Während die aktuellsten Zahlen weiterhin ein positives Bild der bilateralen Wirtschaftsbeziehungen der Schweiz mit Großbritannien zeigen, ist der Blick in die Zukunft mit ungleich größeren Unsicherheiten behaftet. Entsprechend schwierig sind Prognosen über die weitere Entwicklung, beispielsweise bei den ausländischen Direktinvestitionen. Diese kann, abhängig vom weiteren Verlauf des Brexit, sowohl positiv als auch negativ verlaufen.

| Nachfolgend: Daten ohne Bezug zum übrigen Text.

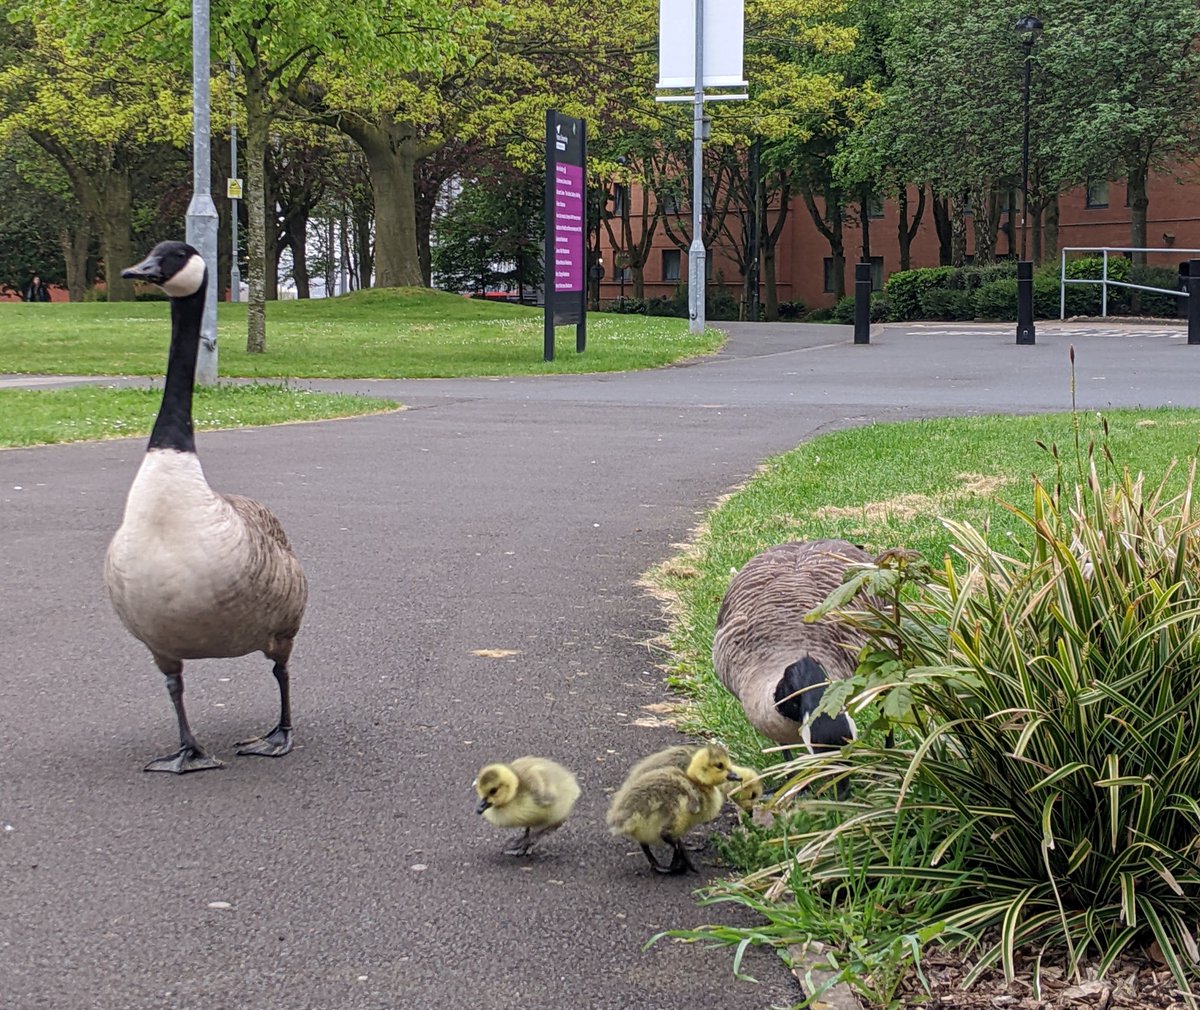 🗓️Save the date! 😎Our summer Undergraduate Open Day is only two months away on 5 July! We'd love to show you around our world-class university. 🪿You might even bump into some of our newest (and fluffiest!) residents during your visit ➡️Book your place tinyurl.com/yc43x95d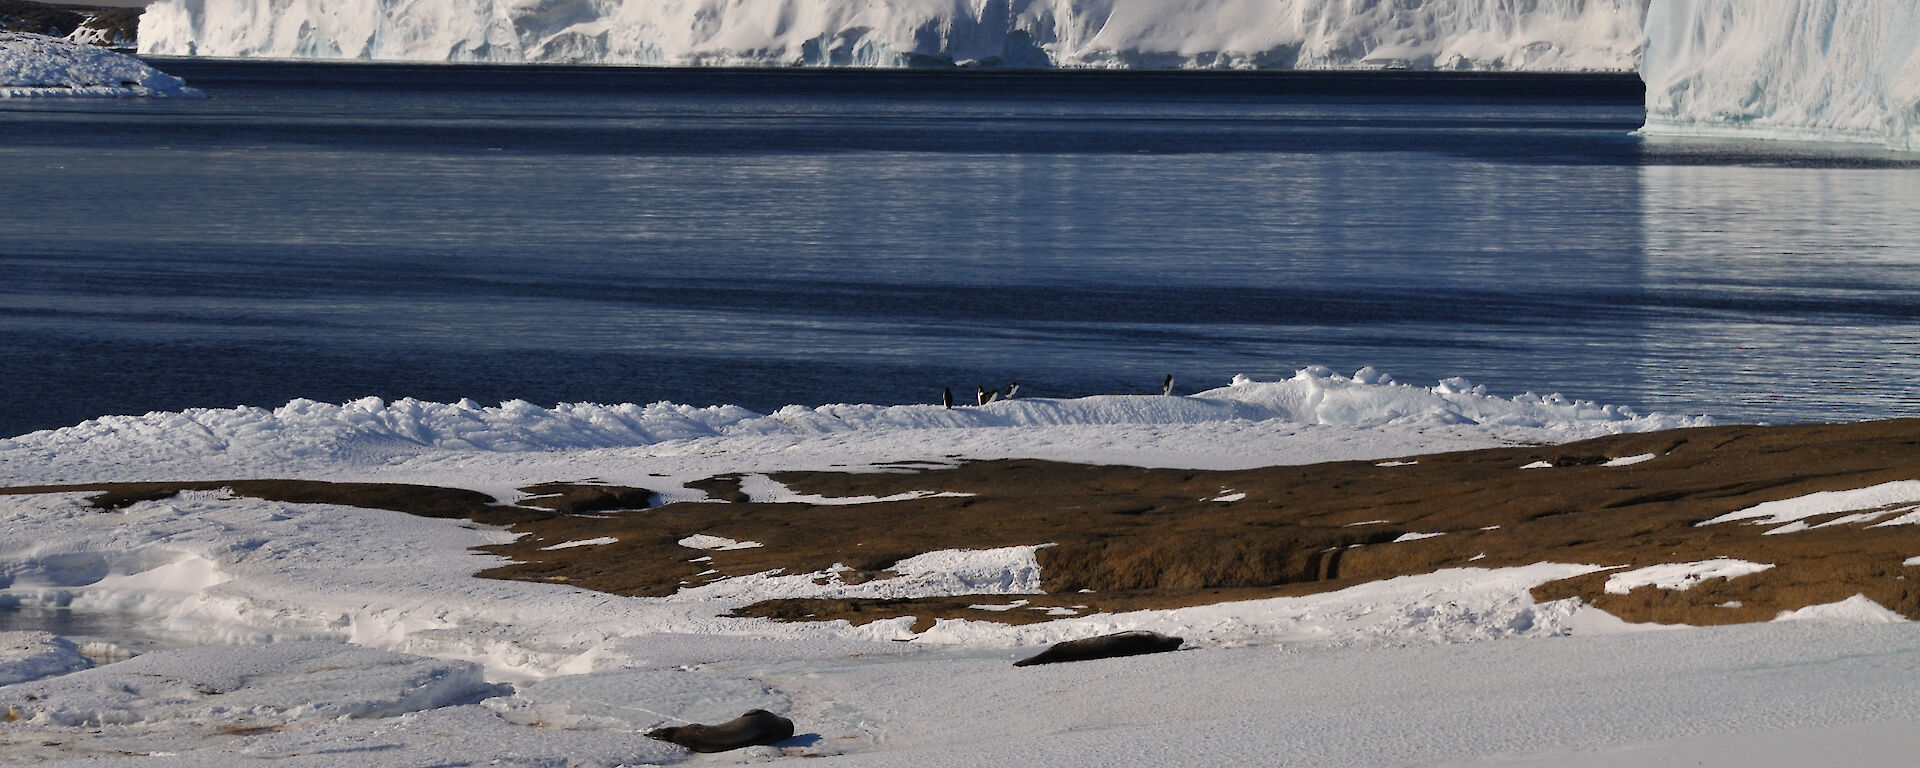 Weddell Seals and , Adelie Penguins on the ice edge in East bay from Petes Window

Wichtig für die bilateralen Beziehungen ist der Bestand an Direktinvestitionen und die damit verbundene Anzahl Beschäftigter im jeweils anderen Staat. 2016 beschäftigten Schweizer Unternehmen gemäß Zahlen der Schweizerischen Nationalbank 96.138 Personen in Großbritannien. Der Personalbestand britischer Firmen in der Schweiz belief sich im selben Zeitraum auf 26.690 Beschäftigte. Die Bestände an Schweizer Direktinvestitionen im Vereinigten Königreich lagen 2016 bei 54,2 Milliarden Schweizer Franken (+10 Prozent im Vergleich zum Vorjahr, rund 50 Milliarden Euro). Auch die Bestände aus Großbritannien in der Schweiz haben sich positiv entwickelt (rund 45 Mrd. Euro). Zahlen für 2017, die erste Rückschlüsse auf die Auswirkungen des Brexits auf die Direktinvestitionen haben könnten, lagen zu Redaktionsschluss noch nicht vor.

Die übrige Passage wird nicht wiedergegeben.